Daryl was playing with uniswap, a smart contract letting people provide liquidity for exchanging crypto, e.g. ETH for USDC. Normally when providing liquidity you'd do two things in one transaction, with something like a try/catch letting you do them atomically. I guess Daryl had only done one of them? Anyway, his money was just sitting there, and as soon as anyone tried to take their liquidity from uniswap they'd get Daryl's money as well.
Guest realized this and went to check, and the money was still there. But! He also remembered stories of generalized ETH frontrunners. These will examine the pending transactions, see if there's something in there they can use to make money, and if so, submit their own transaction with a higher fee so it gets executed first. Guest worried that one of these would show up if he tried to recover the money. He asked on a group chat if others would also be worried, some of them were, and they got together to try to figure something out.
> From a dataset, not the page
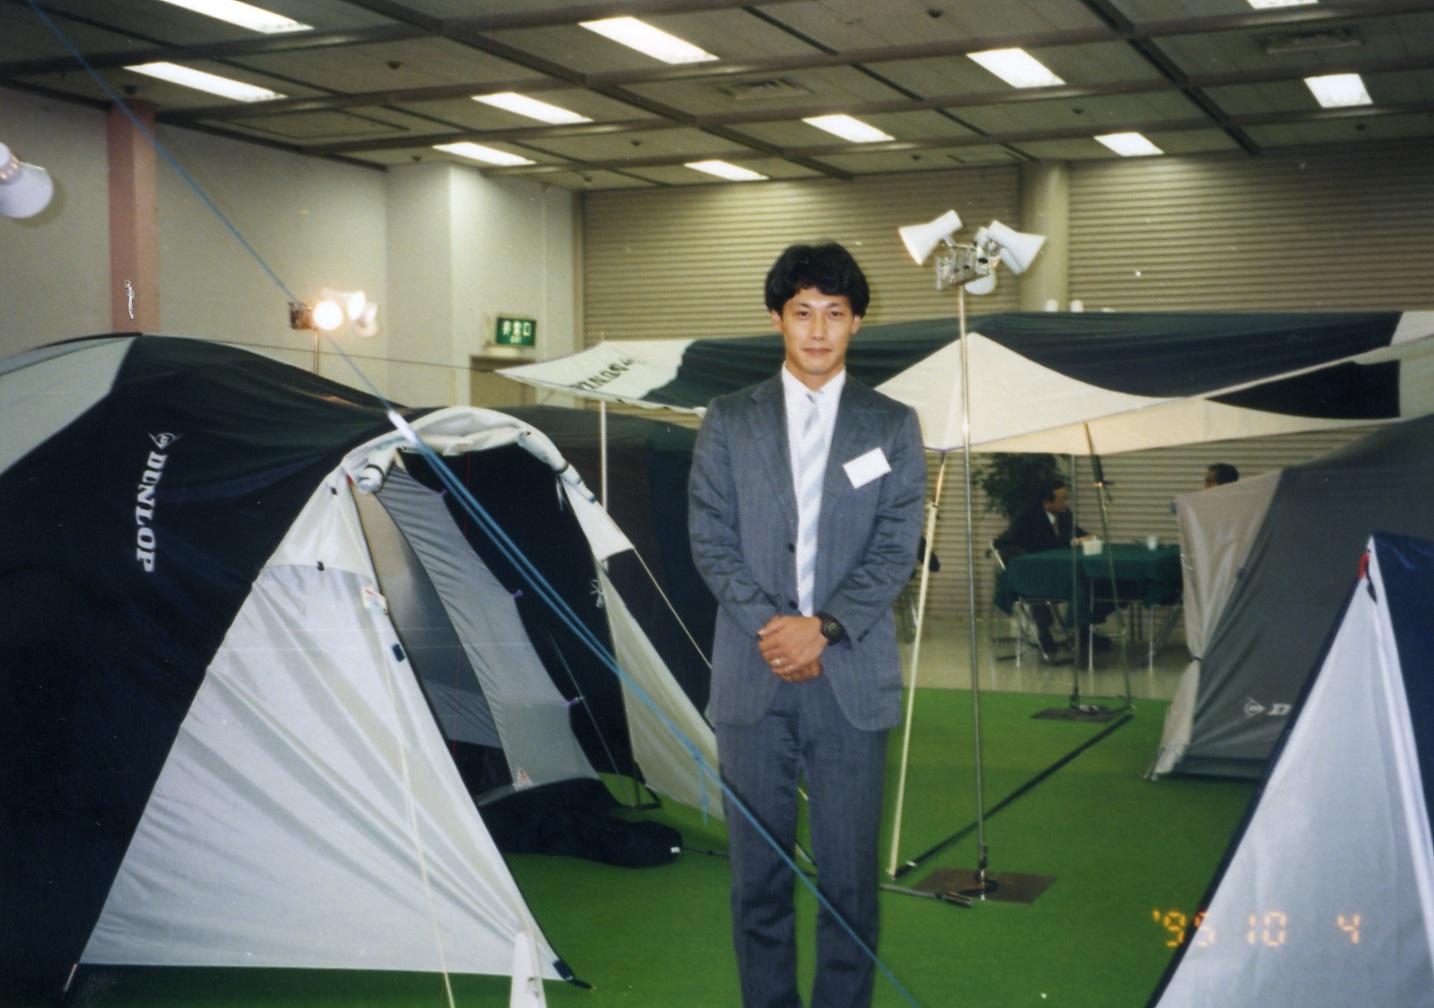 Yuichiro Sato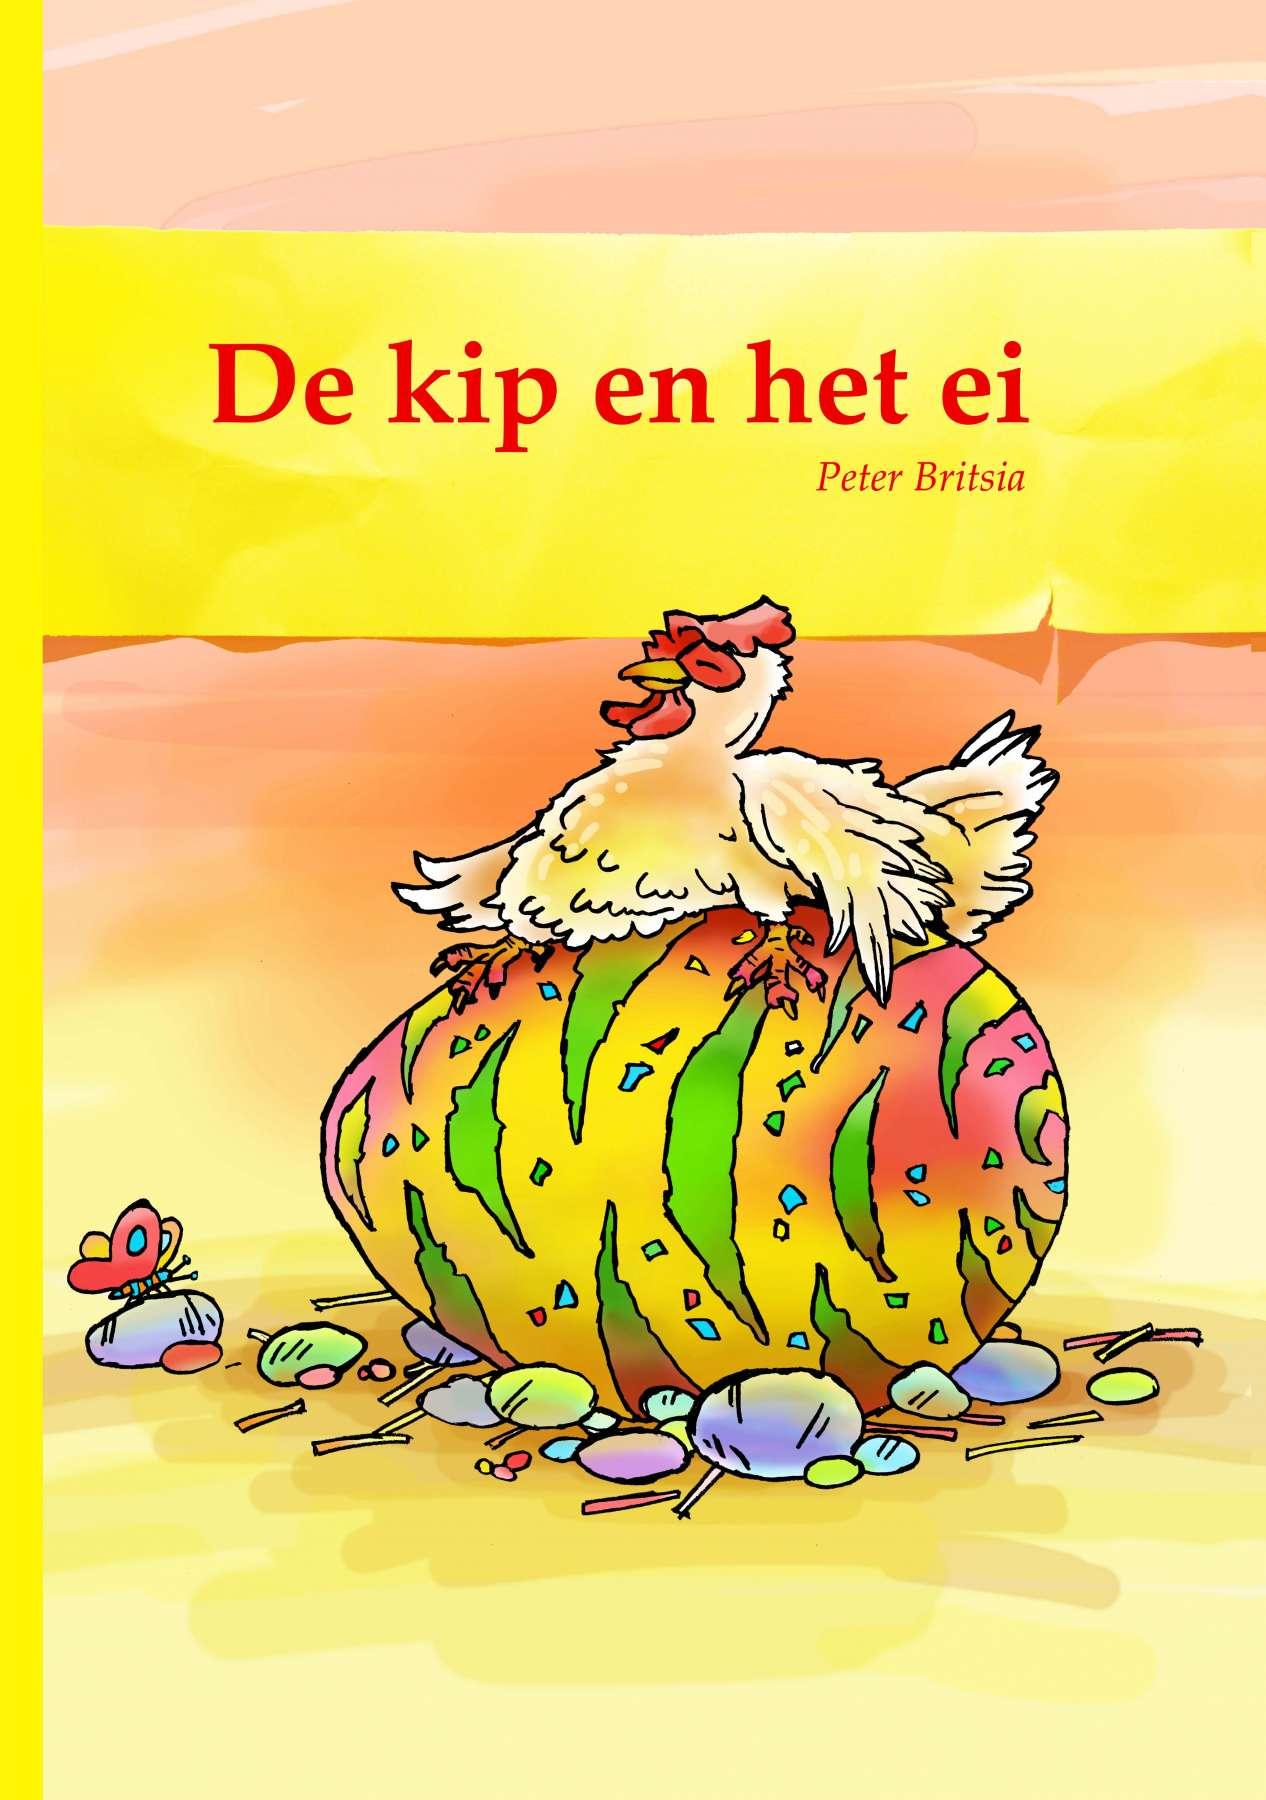 De Kip en het Ei - Uitgeverij Maanvis - Leesboek voor 7 - 9 jaar. <br>Tekst en illustraties Peter Britsia.

Ultimately they'd need to do some kind of obfuscation so that a bot wouldn't try the thing they were doing. They settled on two separate transactions in one block, where the second one wouldn't do anything unless the first had already happened, hoping bots would only try them separately. But there's stuff set up to protect you from making transactions that don't do anything, and it was stopping them from making the second.
Guest was tired and stressed and the money might disappear at any minute, so eventually Guest said YOLO we'll do them in two different blocks and hope. The second transaction got front-ran and they lost the money. On the plus side his worries were vindicated.
Guest and Adam (host) discuss Meditations on Moloch. The thing they take away from it is that you need regulation/Leviathan. Guest says for Hobbes the Leviathan was hereditary monarchy, recently we've been trying democracy and that seems better overall, but he's optimistic that smart contracts will be another solution.